Task instructions:
Would you repeat the listing exactly, without any of its images?

Data excerpt:
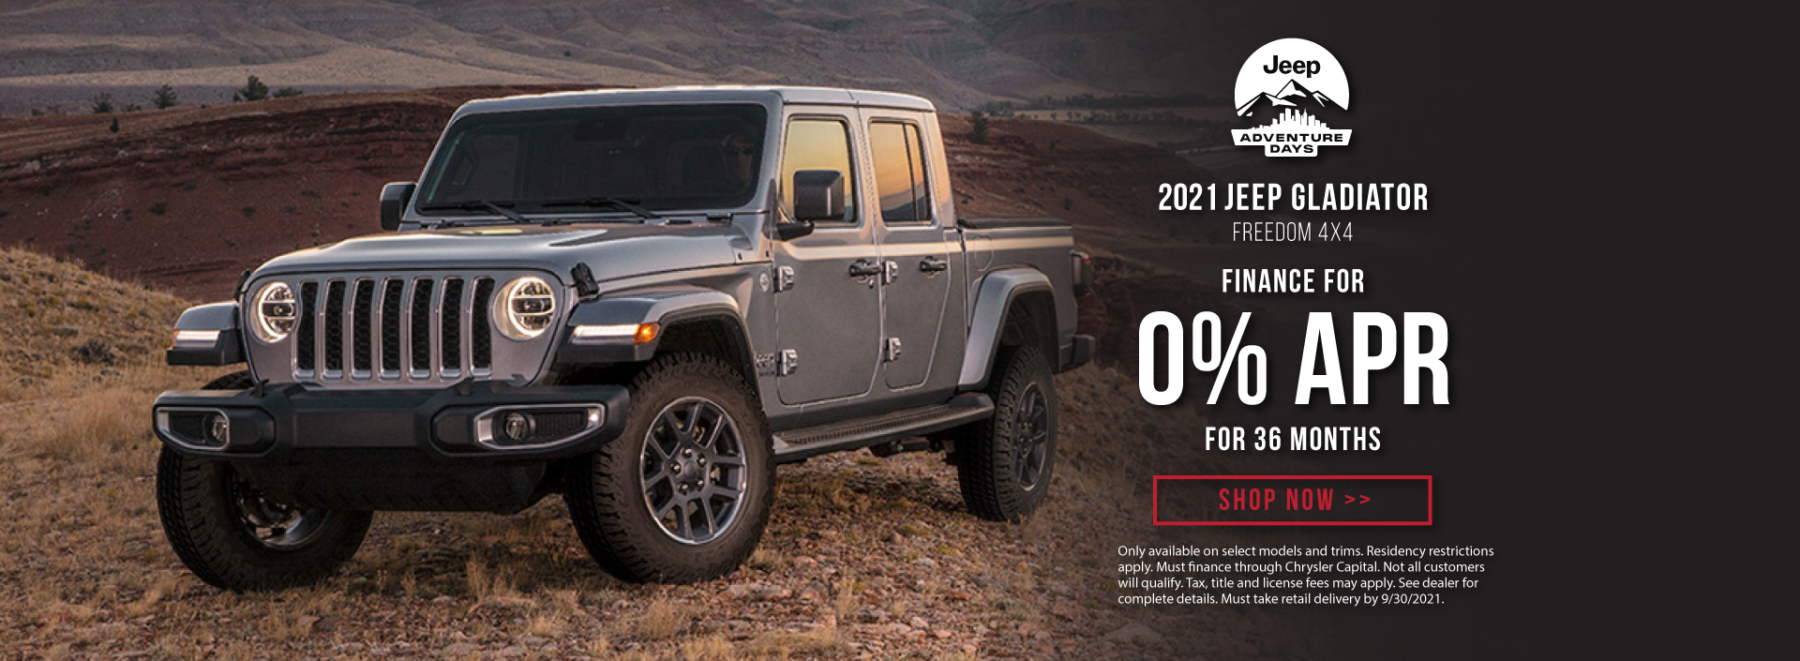 2021 Jeep Gladiator Offer
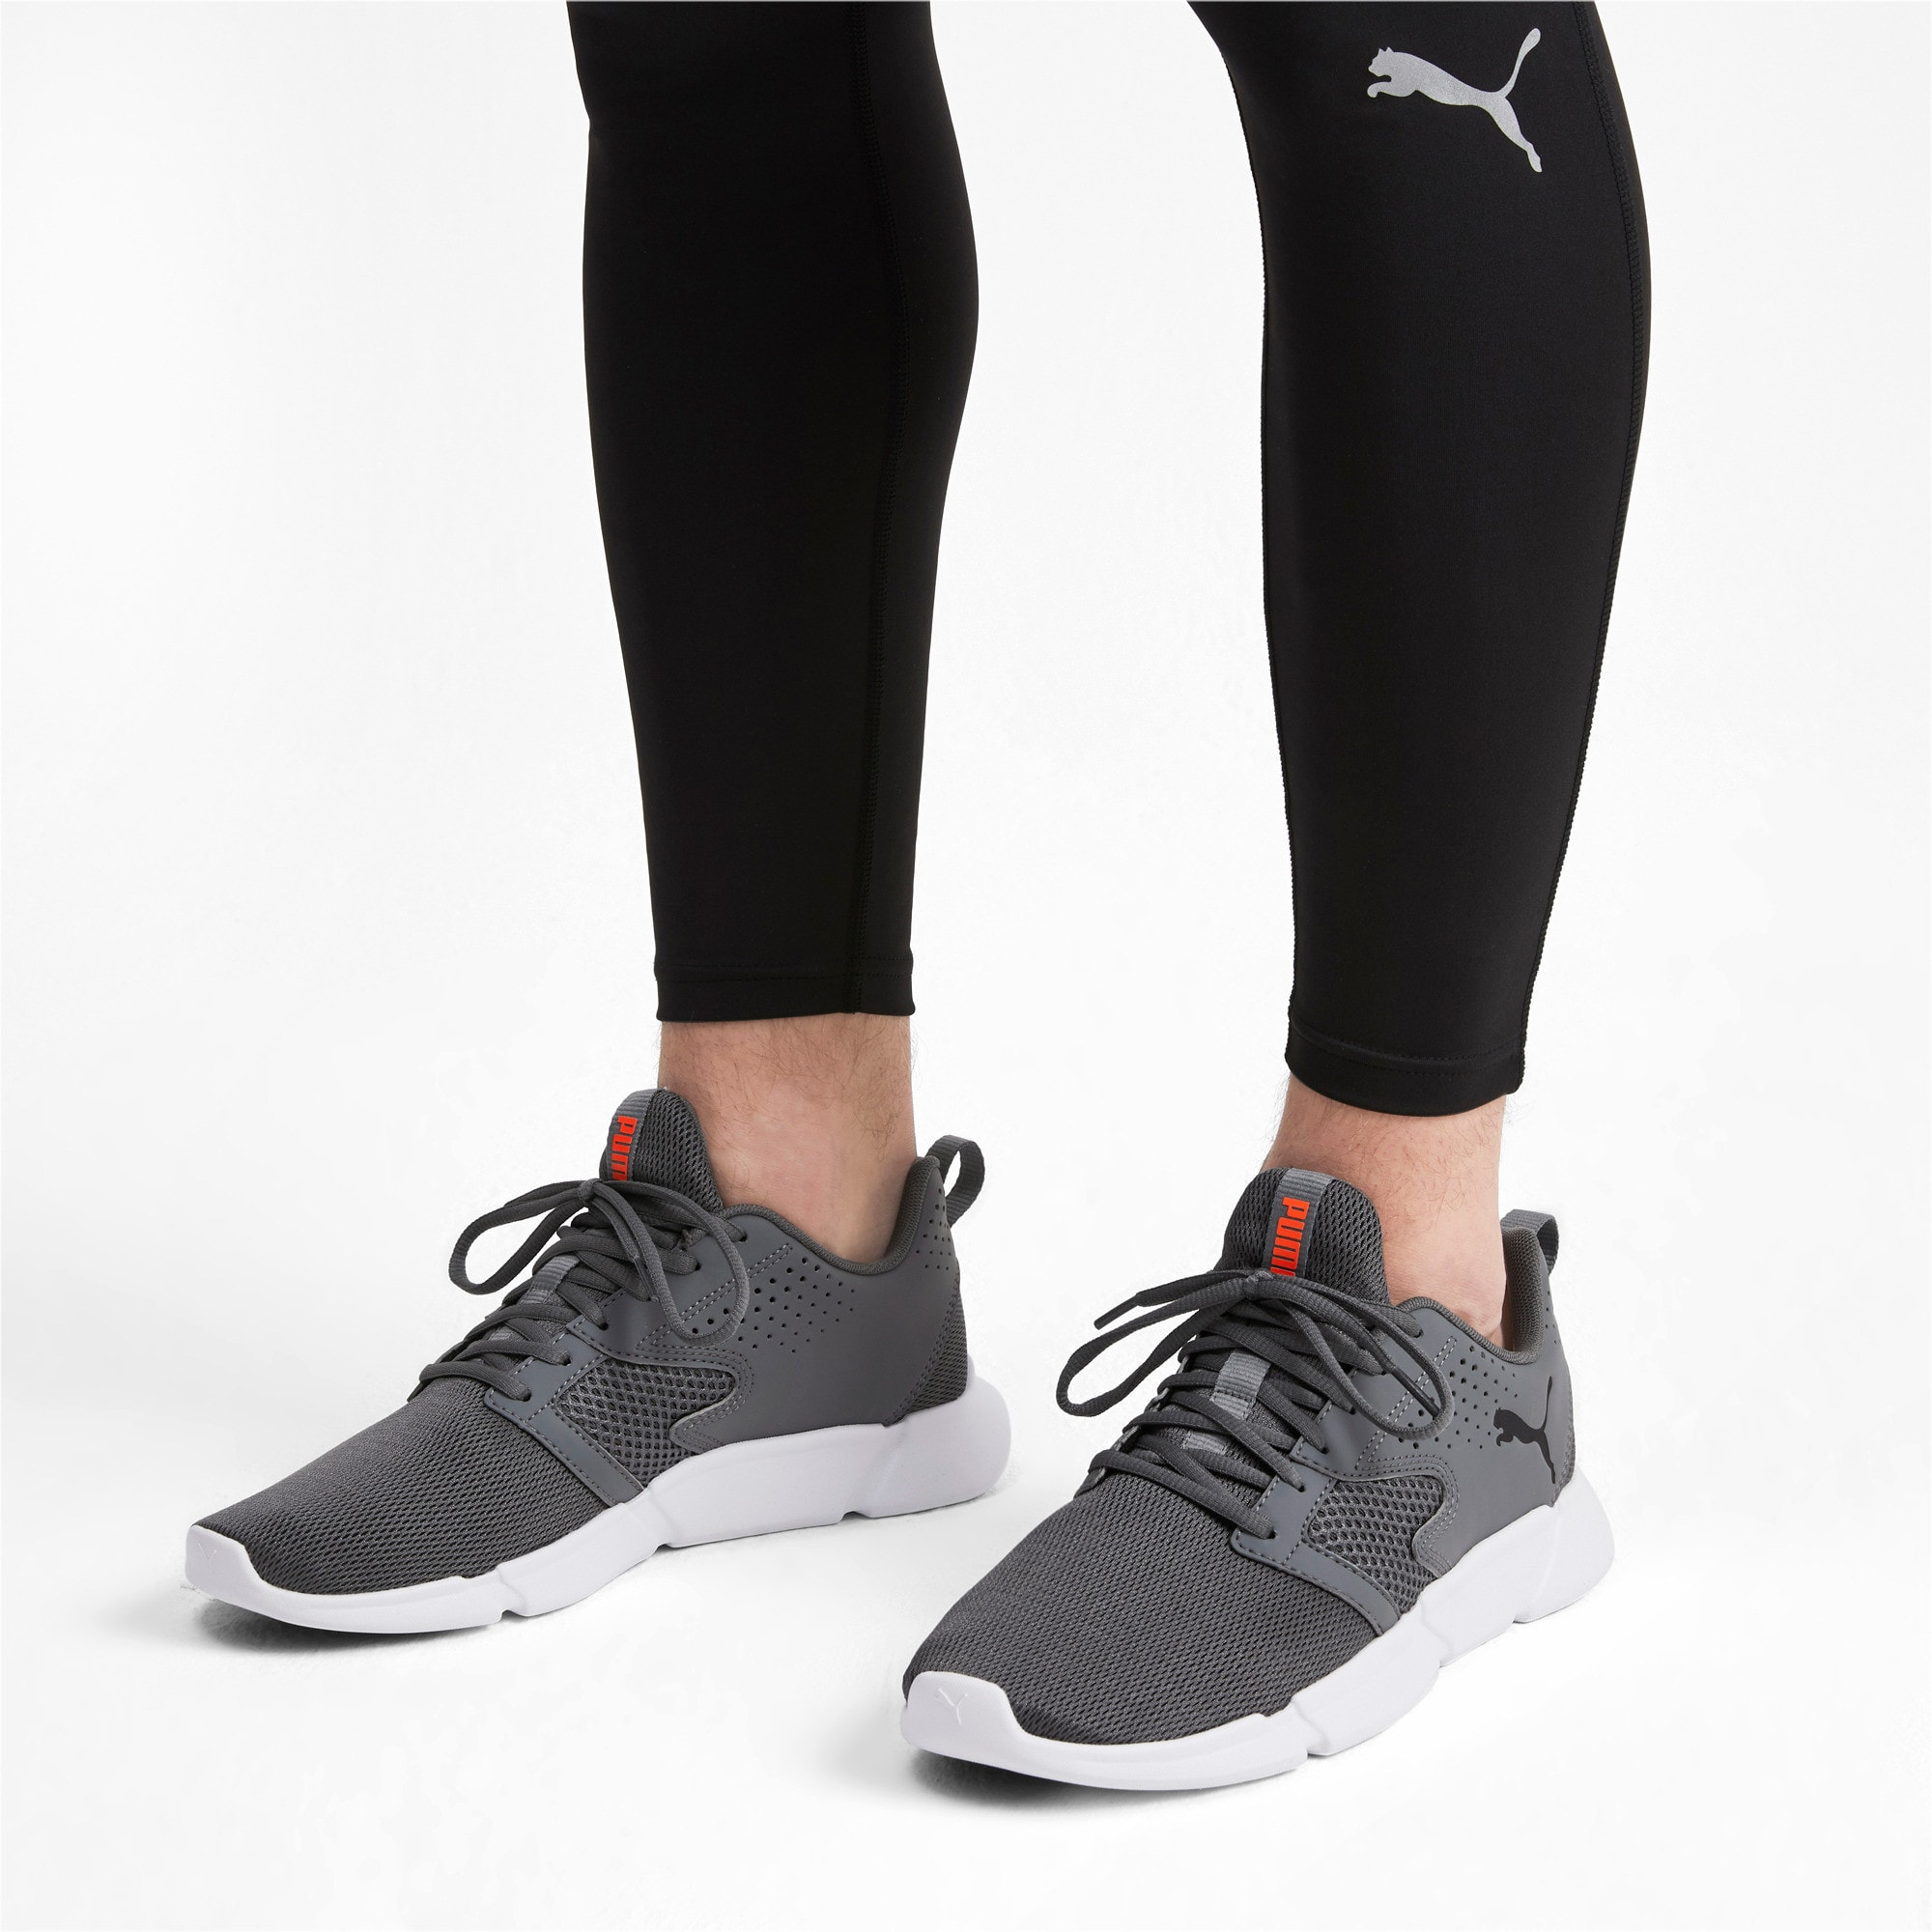 Thumbnail 2 of INTERFLEX Modern Running Shoes, CASTLEROCK-Black-Nrgy Red, medium-IND
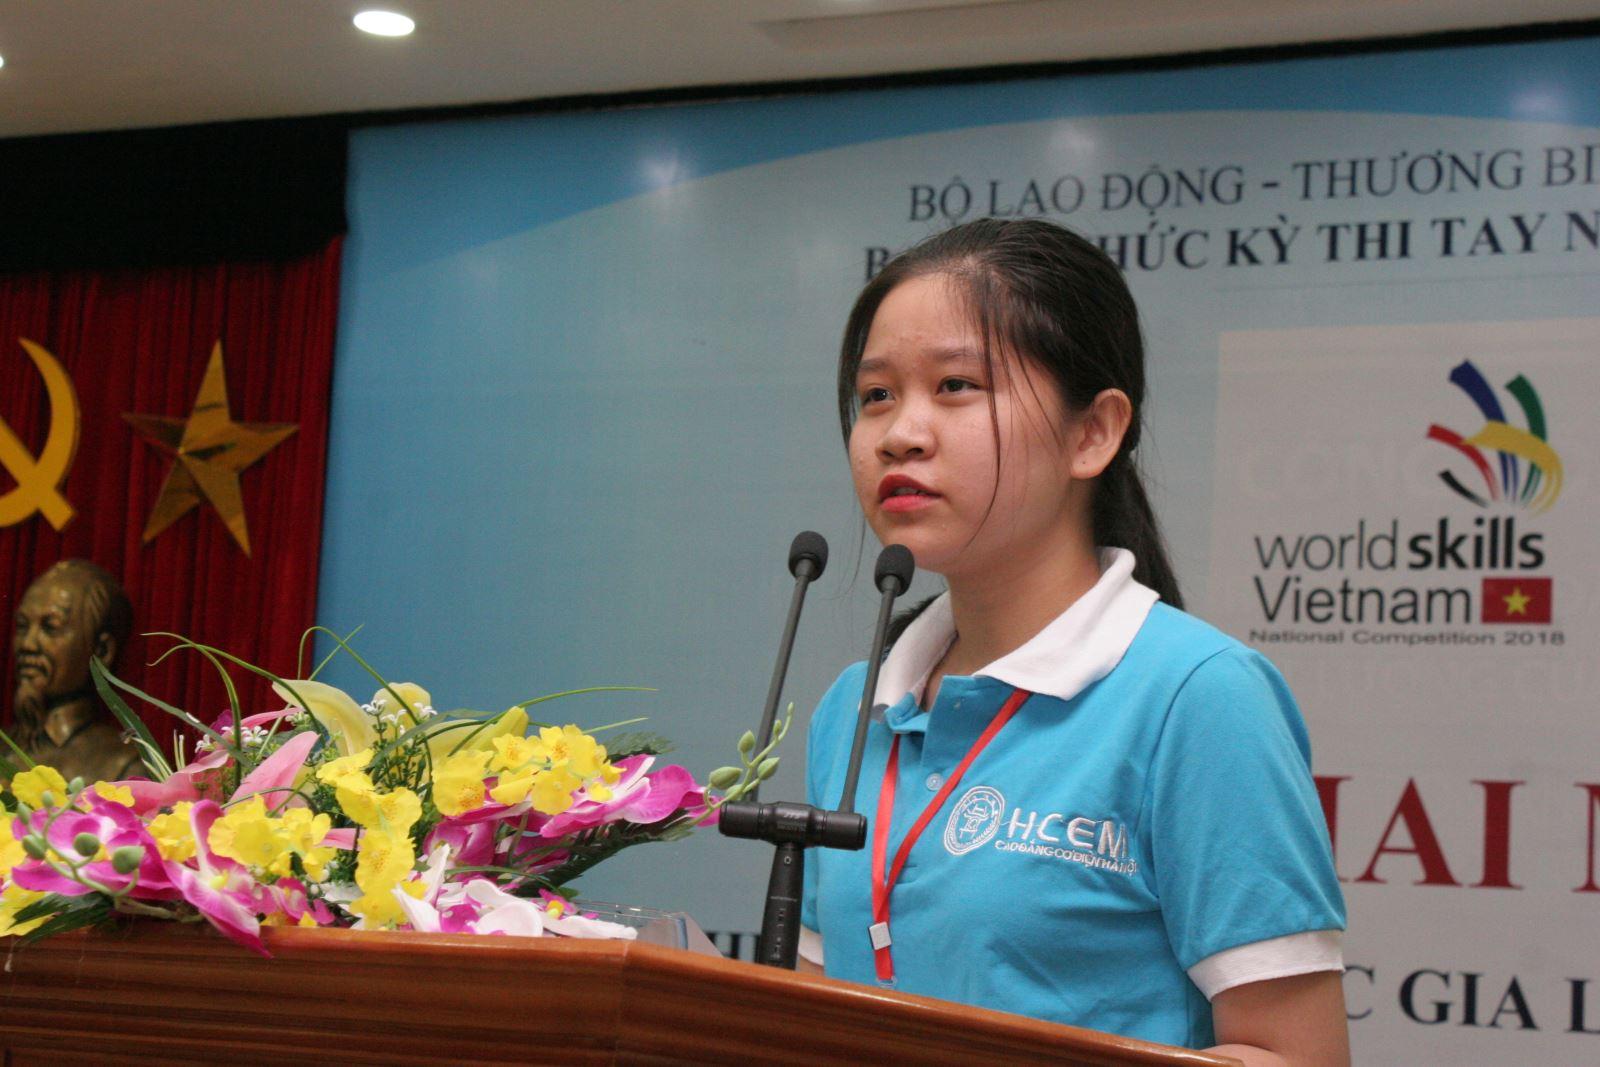 http://www.molisa.gov.vn/Images/editor/images/IMG_5600(1).JPG

Result of the task:
 2021 Jeep Gladiator Offer
 Thumbnail 2 of INTERFLEX Modern Running Shoes, CASTLEROCK-Black-Nrgy Red, medium-IND
 http://www.molisa.gov.vn/Images/editor/images/IMG_5600(1).JPG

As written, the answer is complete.